Data: Begin

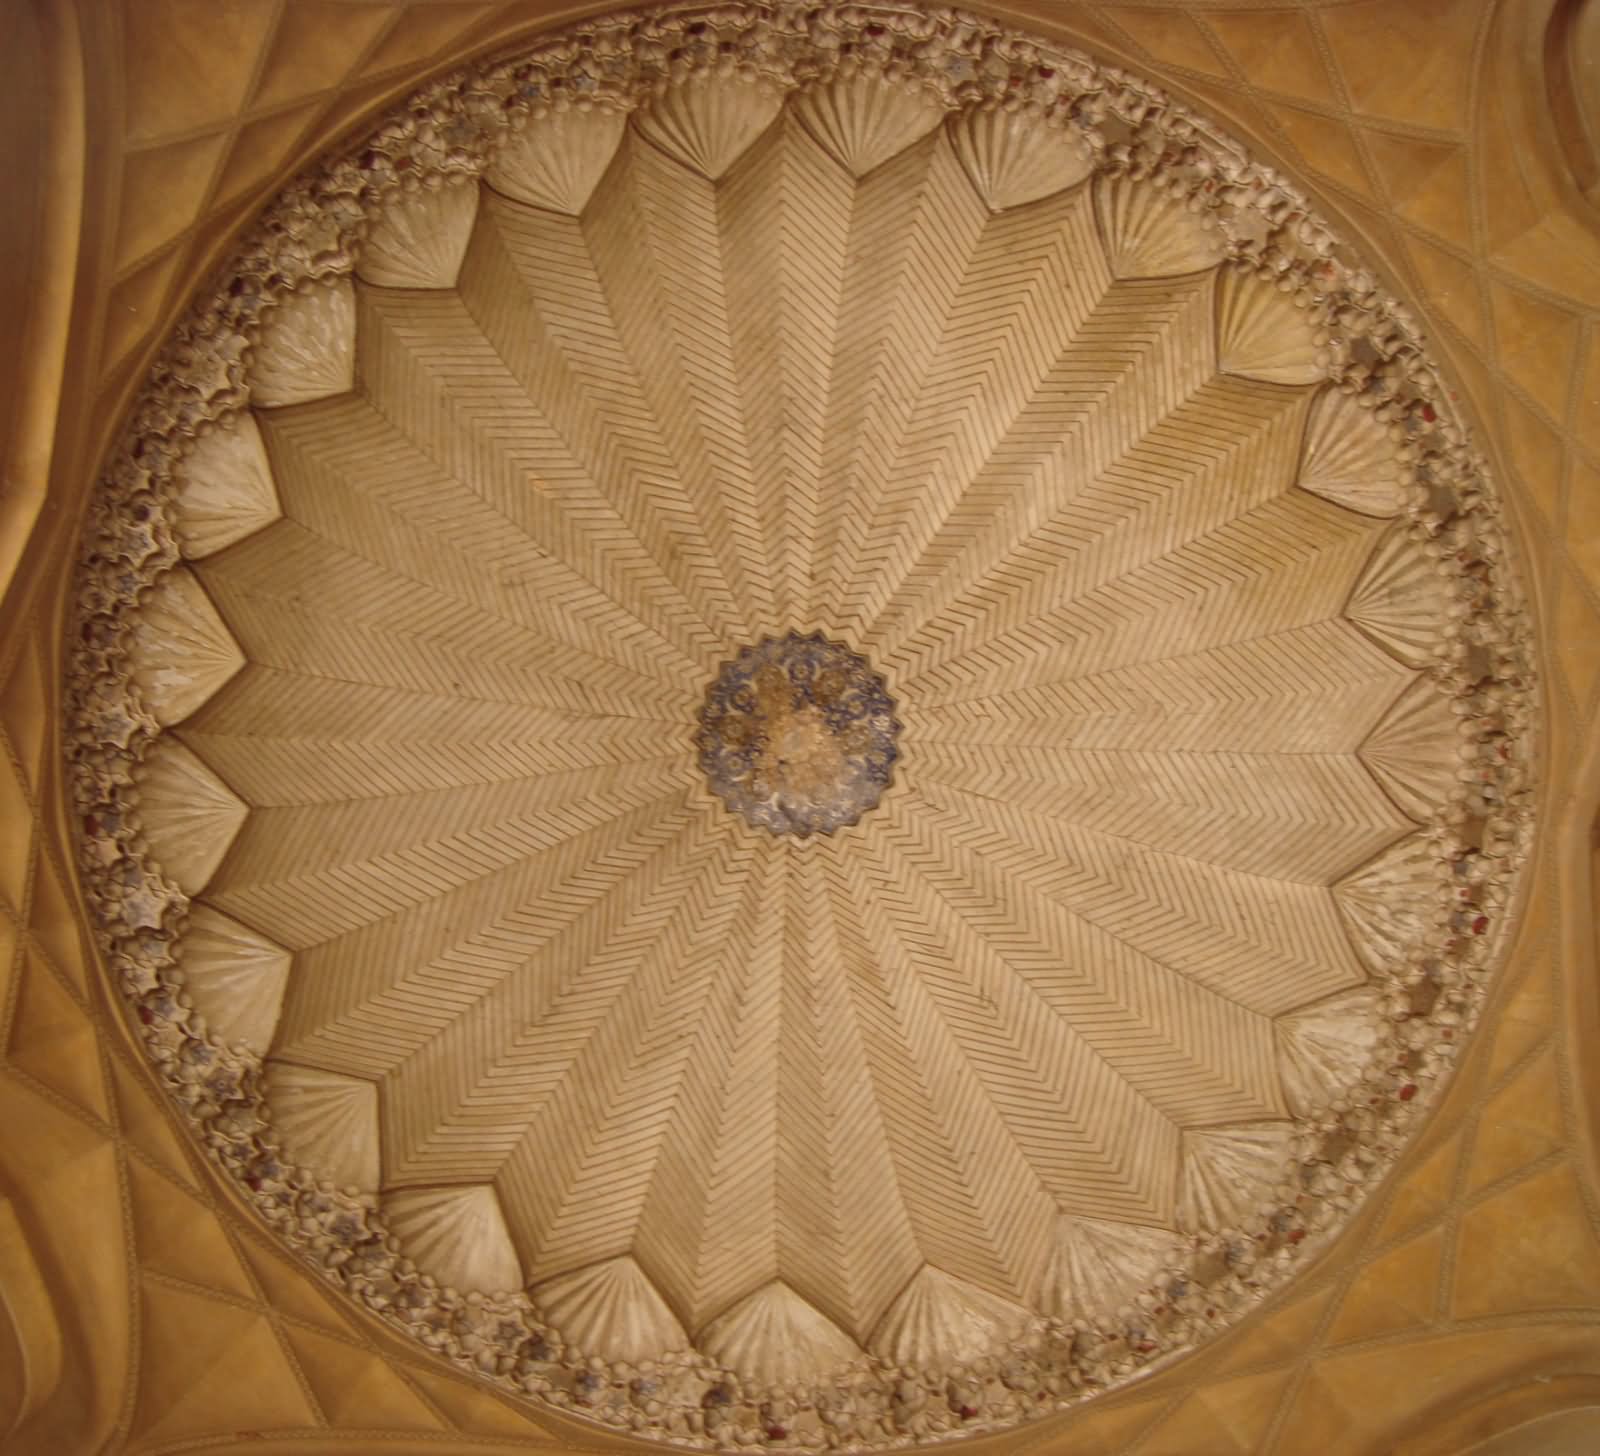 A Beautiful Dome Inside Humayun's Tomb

Data: End
Data: Begin

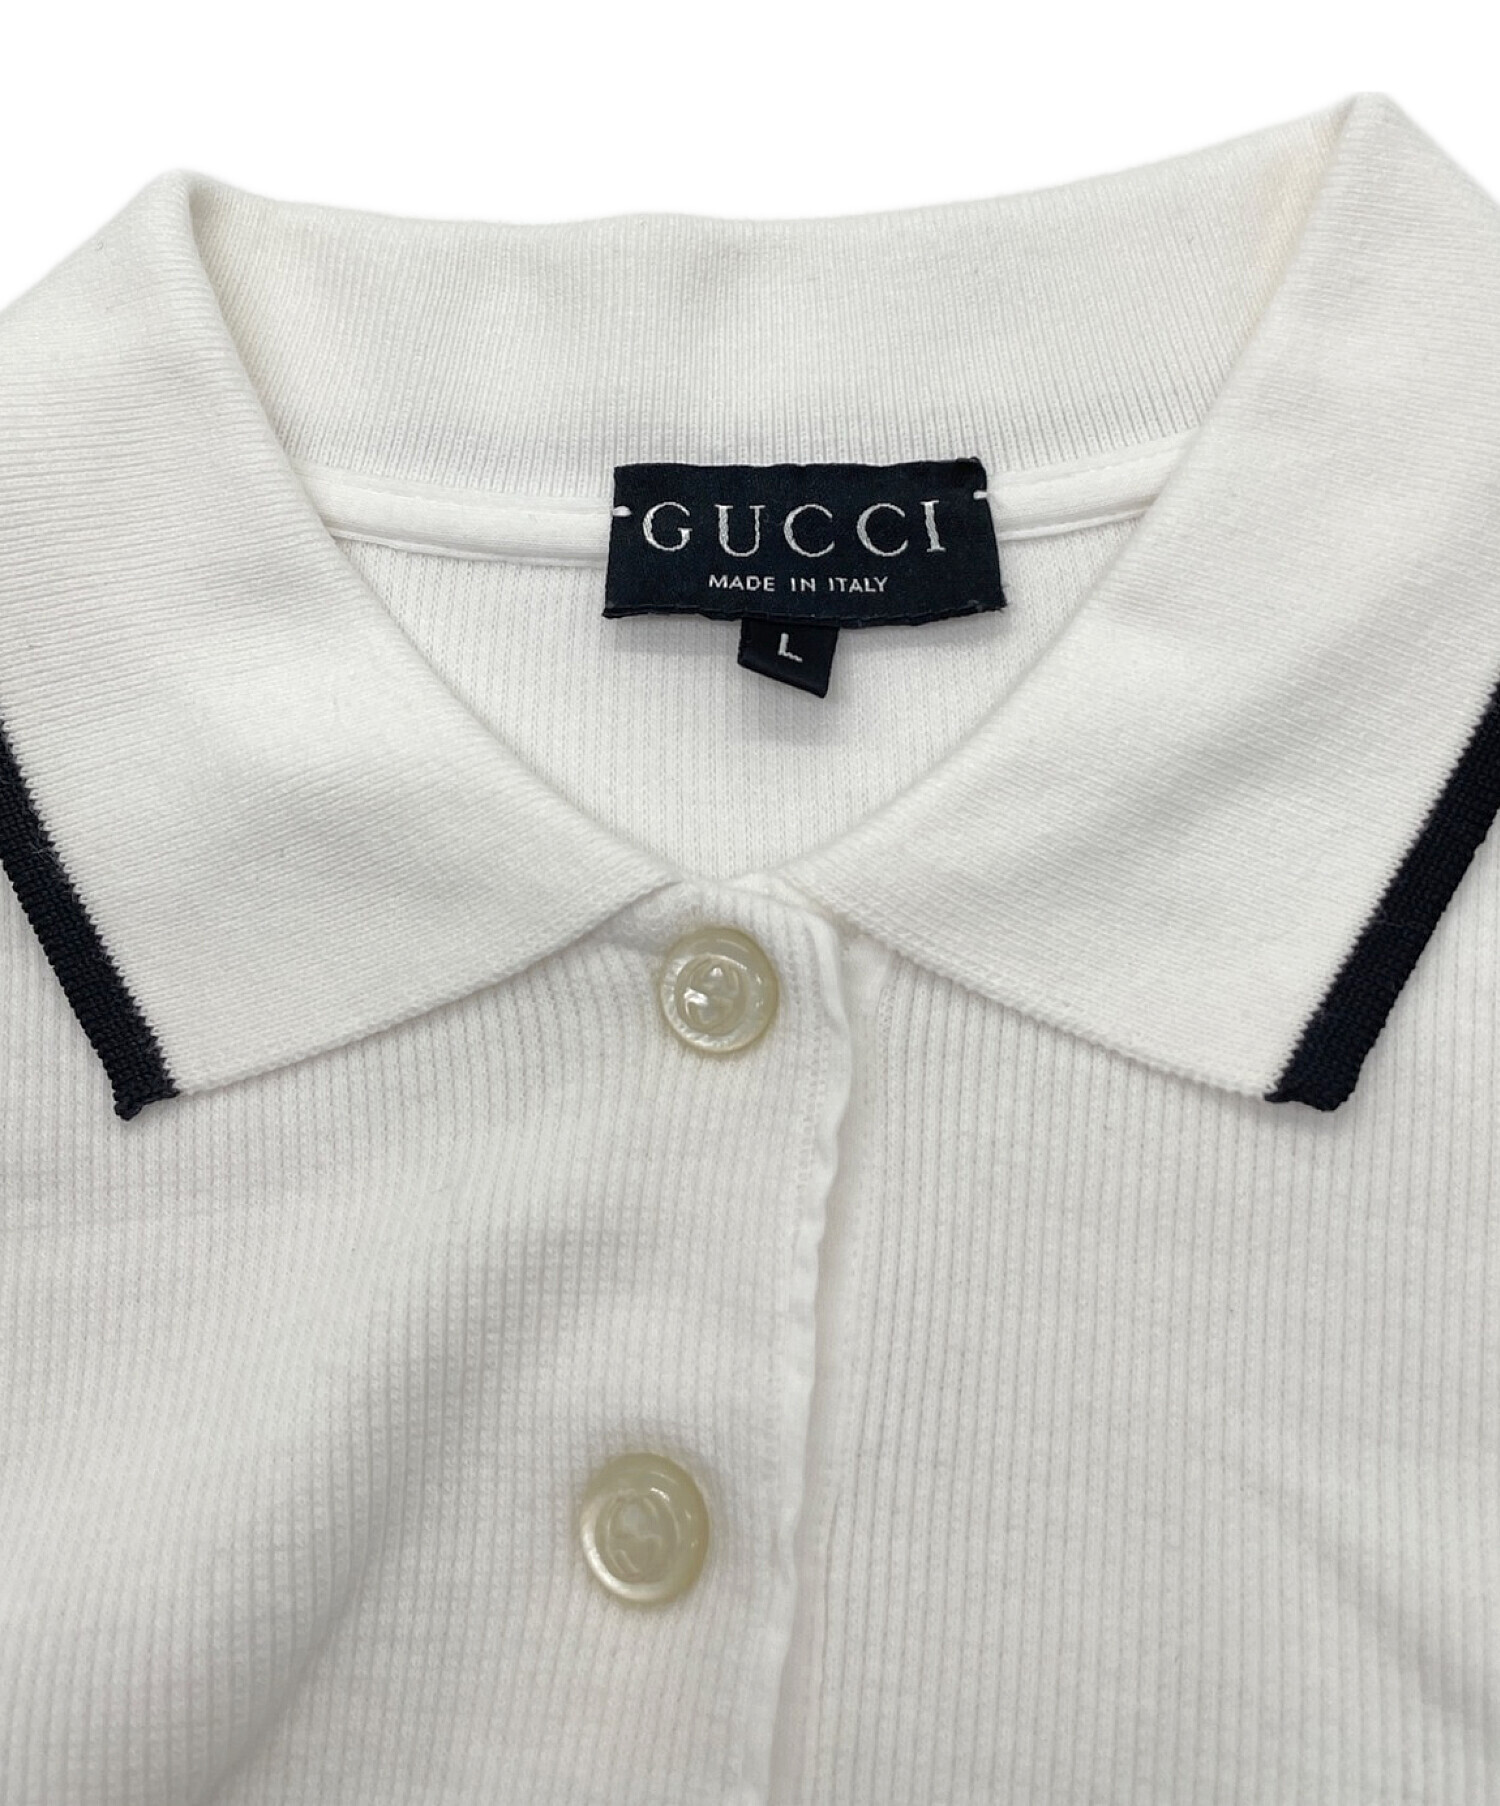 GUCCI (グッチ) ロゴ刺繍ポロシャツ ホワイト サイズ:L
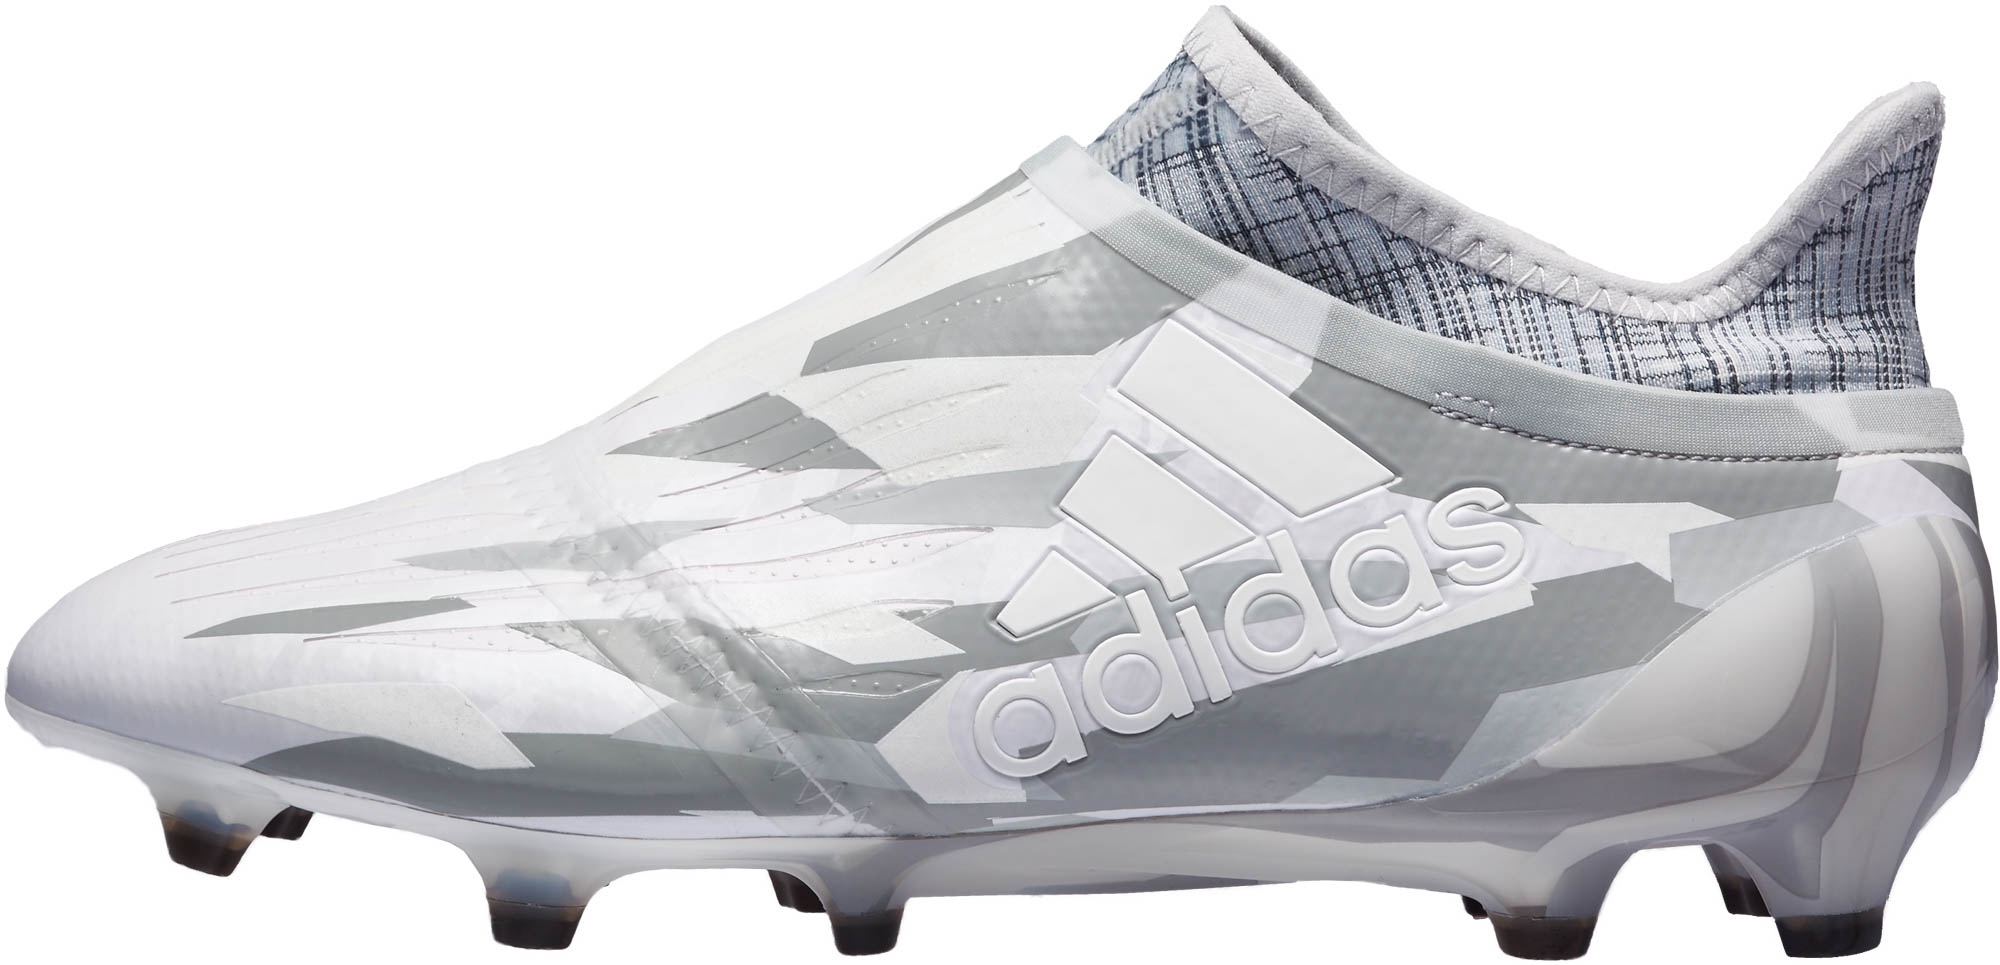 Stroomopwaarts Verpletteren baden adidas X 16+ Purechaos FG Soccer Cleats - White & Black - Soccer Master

Data: End

_Work item_
Using the records above, return word for word the lines that begin at the one containing "GUCCI (グッチ) ロゴ刺繍ポロシャツ ホワイト サイズ:L" and end at the one containing "Stroomopwaarts Verpletteren baden", both of them included and no pictures.

_Solution to the problem_
 GUCCI (グッチ) ロゴ刺繍ポロシャツ ホワイト サイズ:L
 Stroomopwaarts Verpletteren baden adidas X 16+ Purechaos FG Soccer Cleats - White & Black - Soccer Master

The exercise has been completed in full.